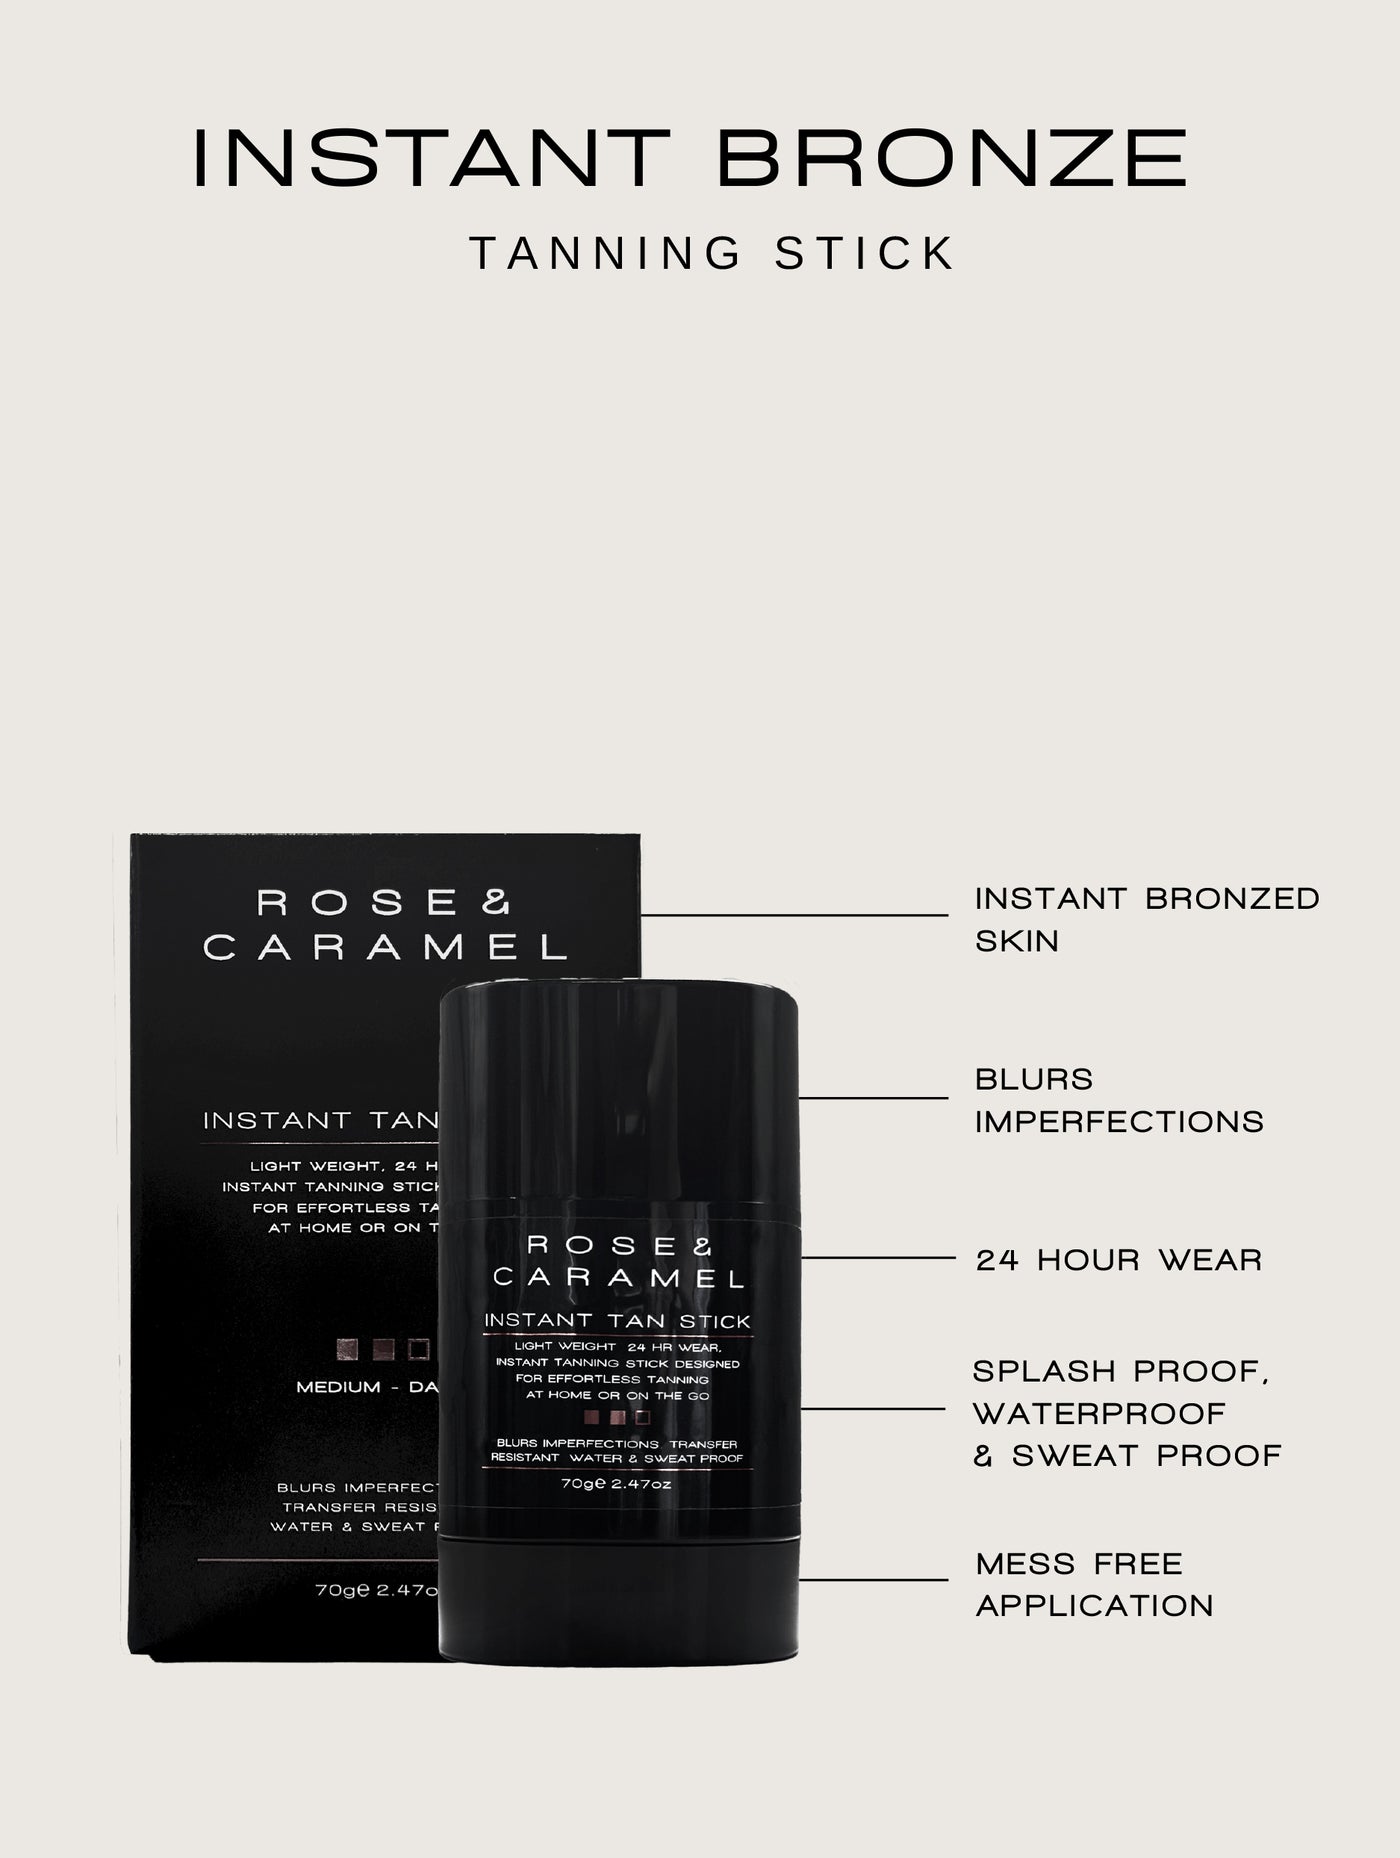 instant tanning stick, instant tan stick, bronze tanning stick, transfer free tanning stick, instant tan stick and mini mitt
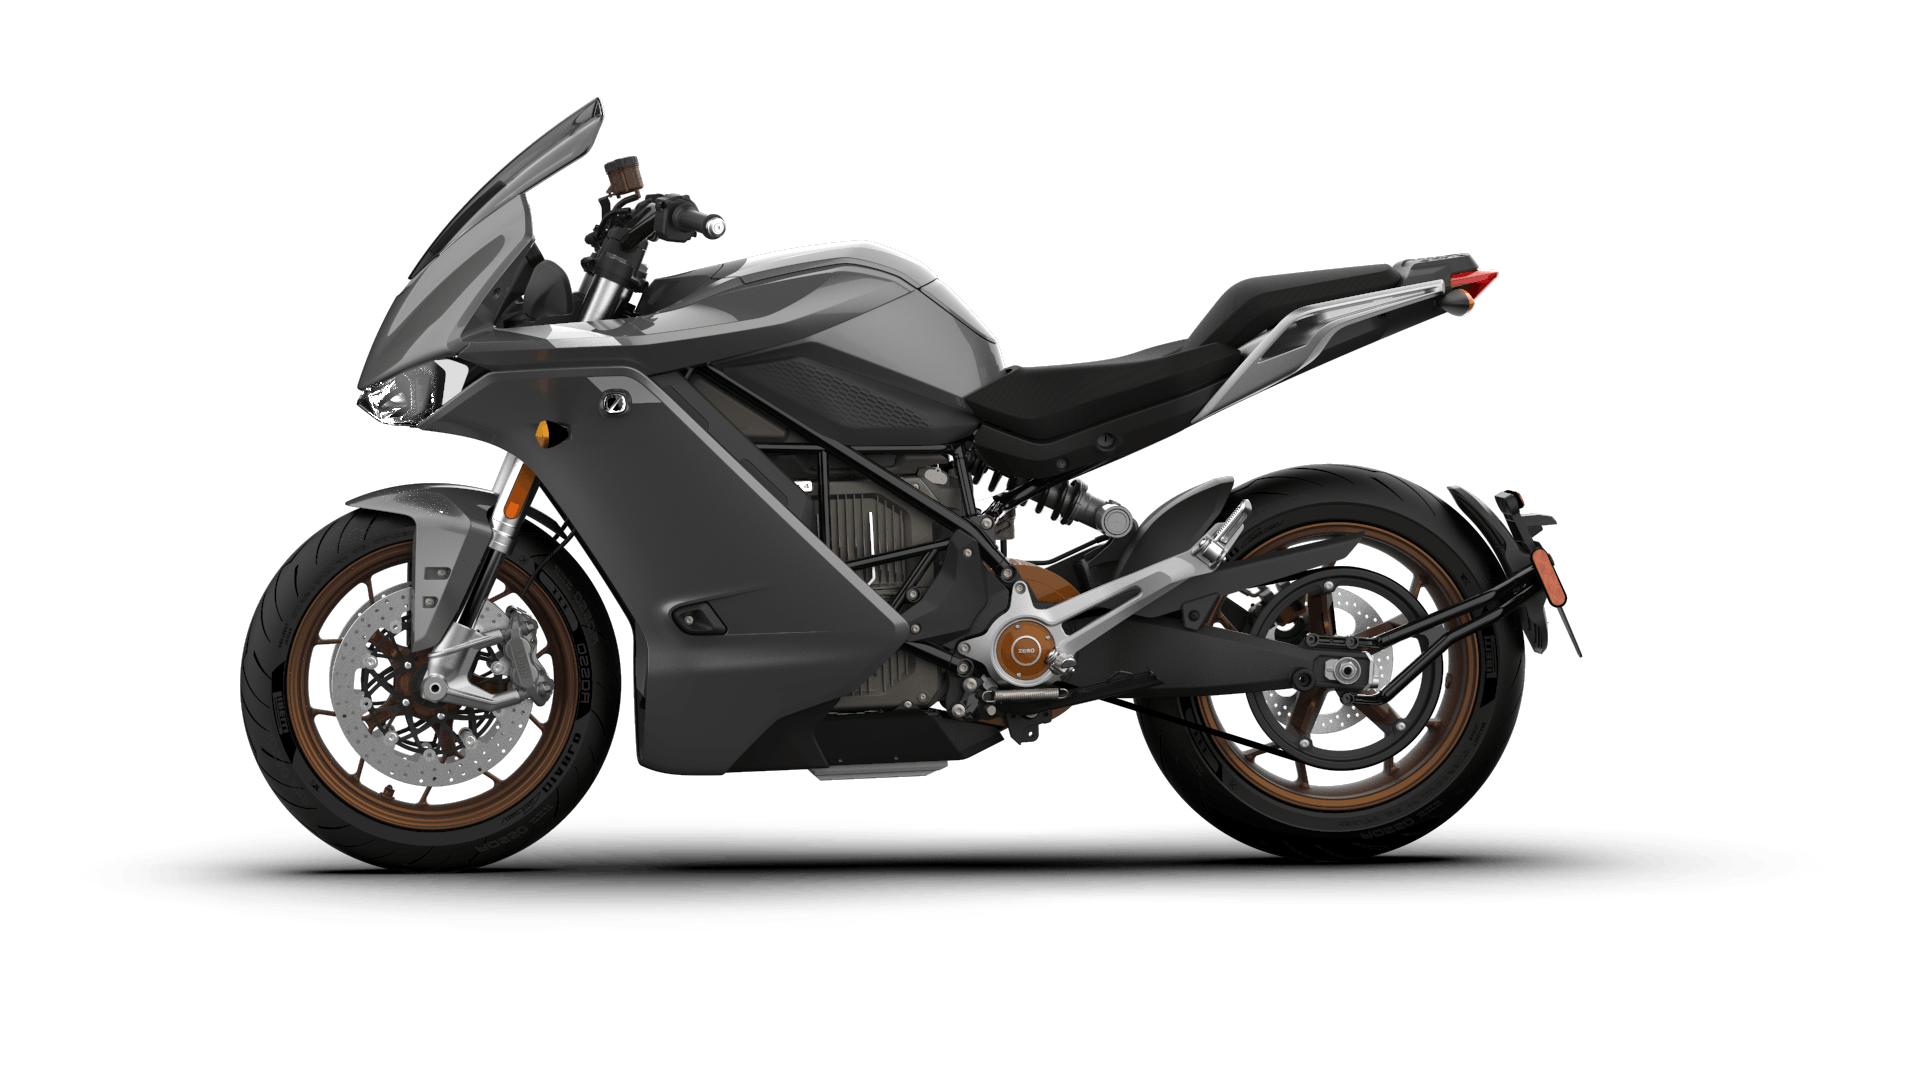 Zero Motorcycles SR/S
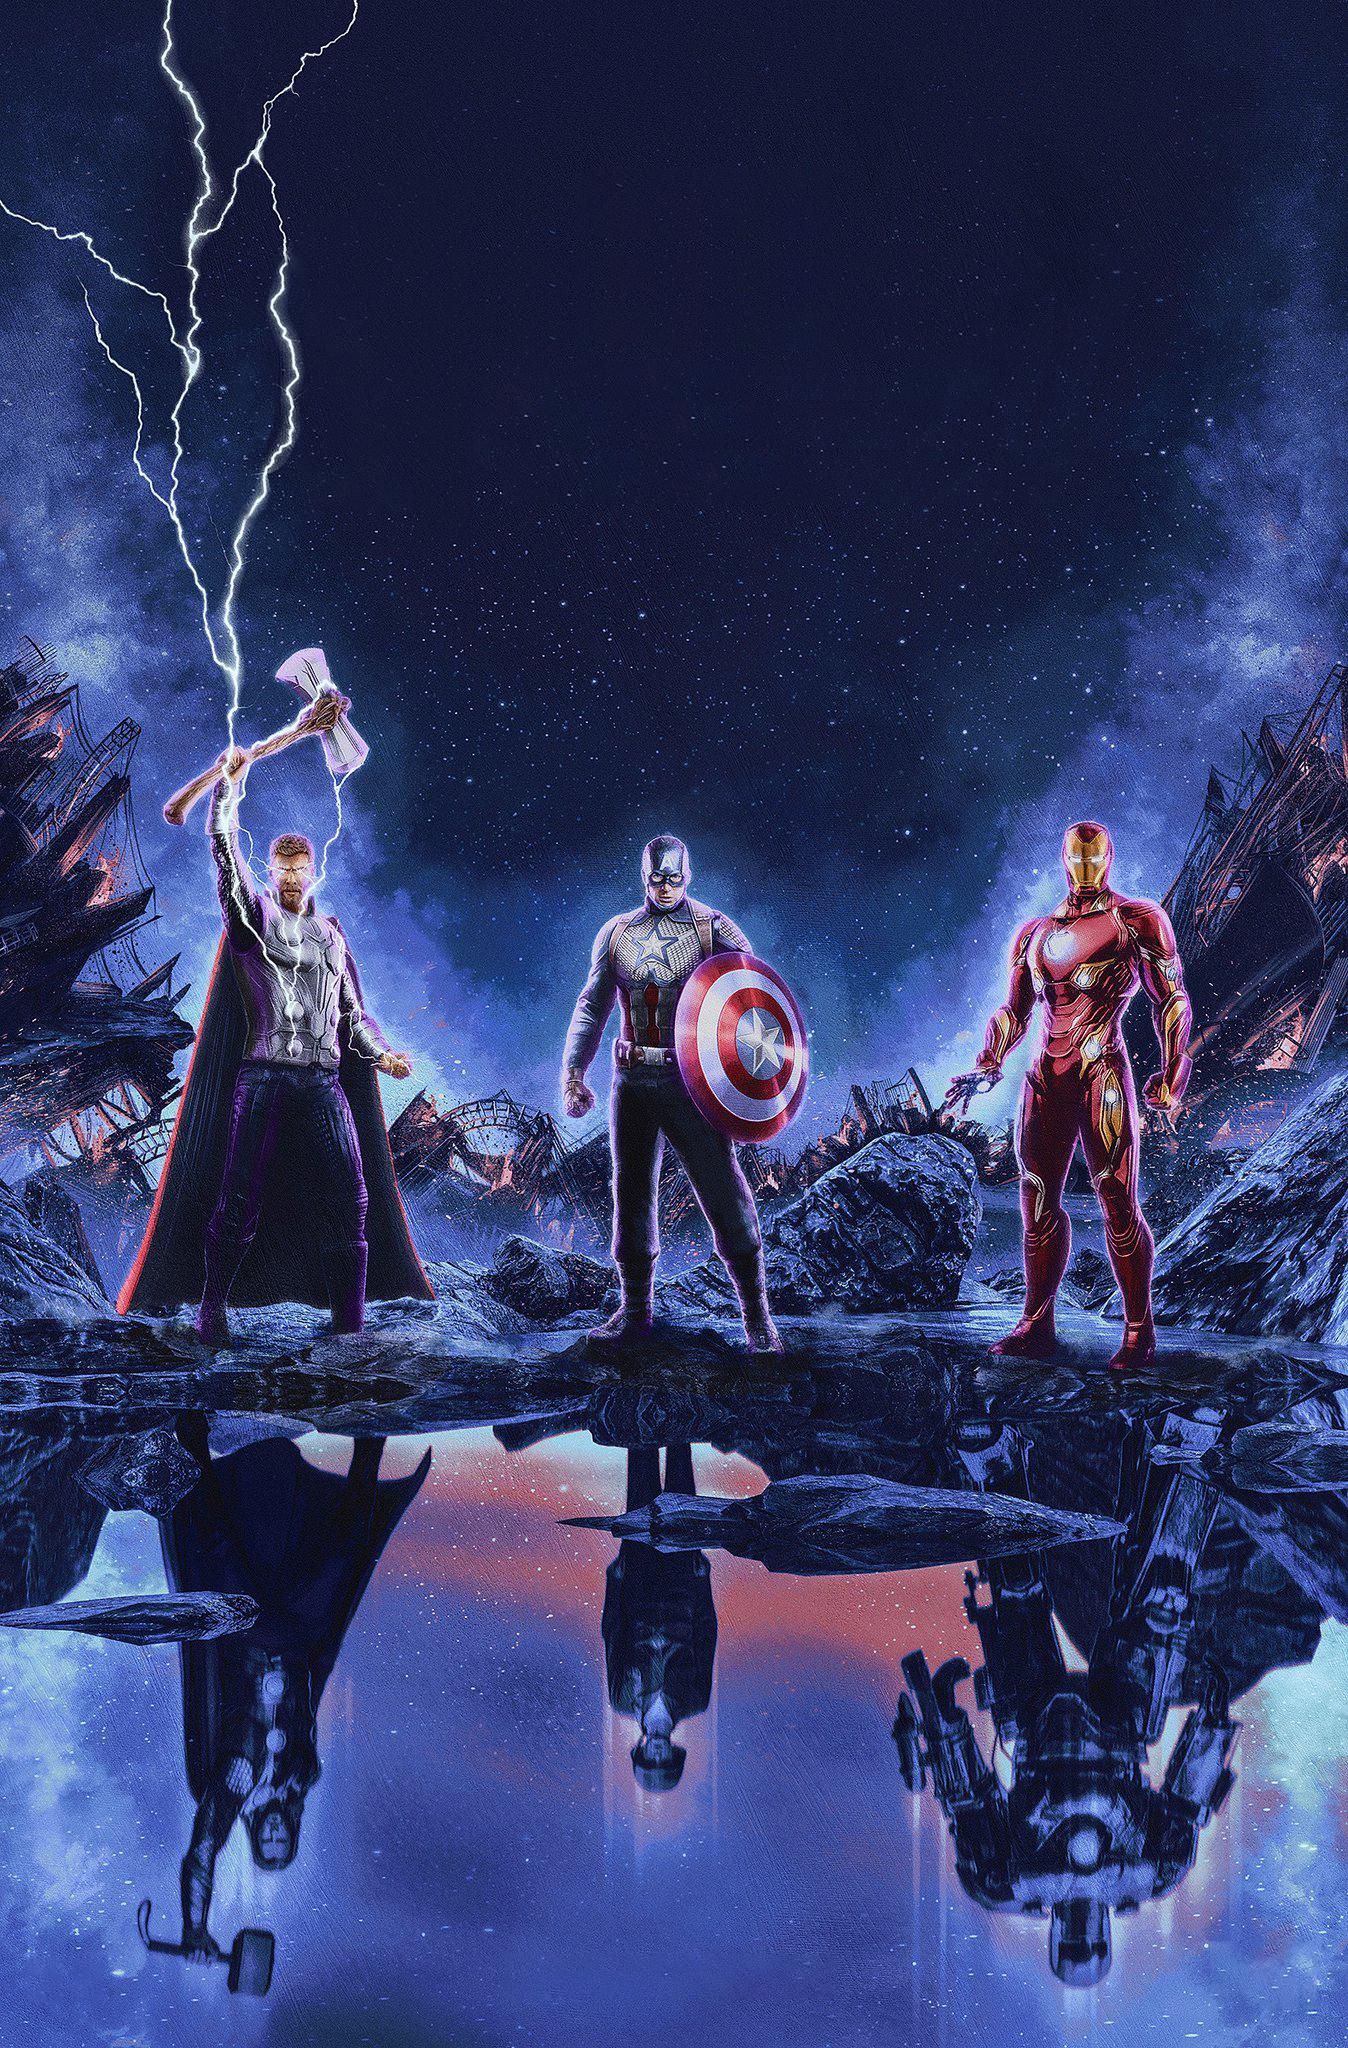 Promotionaltextless Endgame Poster By Skinnercreative - Avengers Endgame Movie Poster , HD Wallpaper & Backgrounds

### TASK GOAL
Each line from the one with "Zero Motorcycles SR/S" to the final line of the data above is to be printed exactly; no picture should appear in the copy.

### RESPONSE TO THE EXERCISE
 Zero Motorcycles SR/S
 Promotionaltextless Endgame Poster By Skinnercreative - Avengers Endgame Movie Poster , HD Wallpaper & Backgrounds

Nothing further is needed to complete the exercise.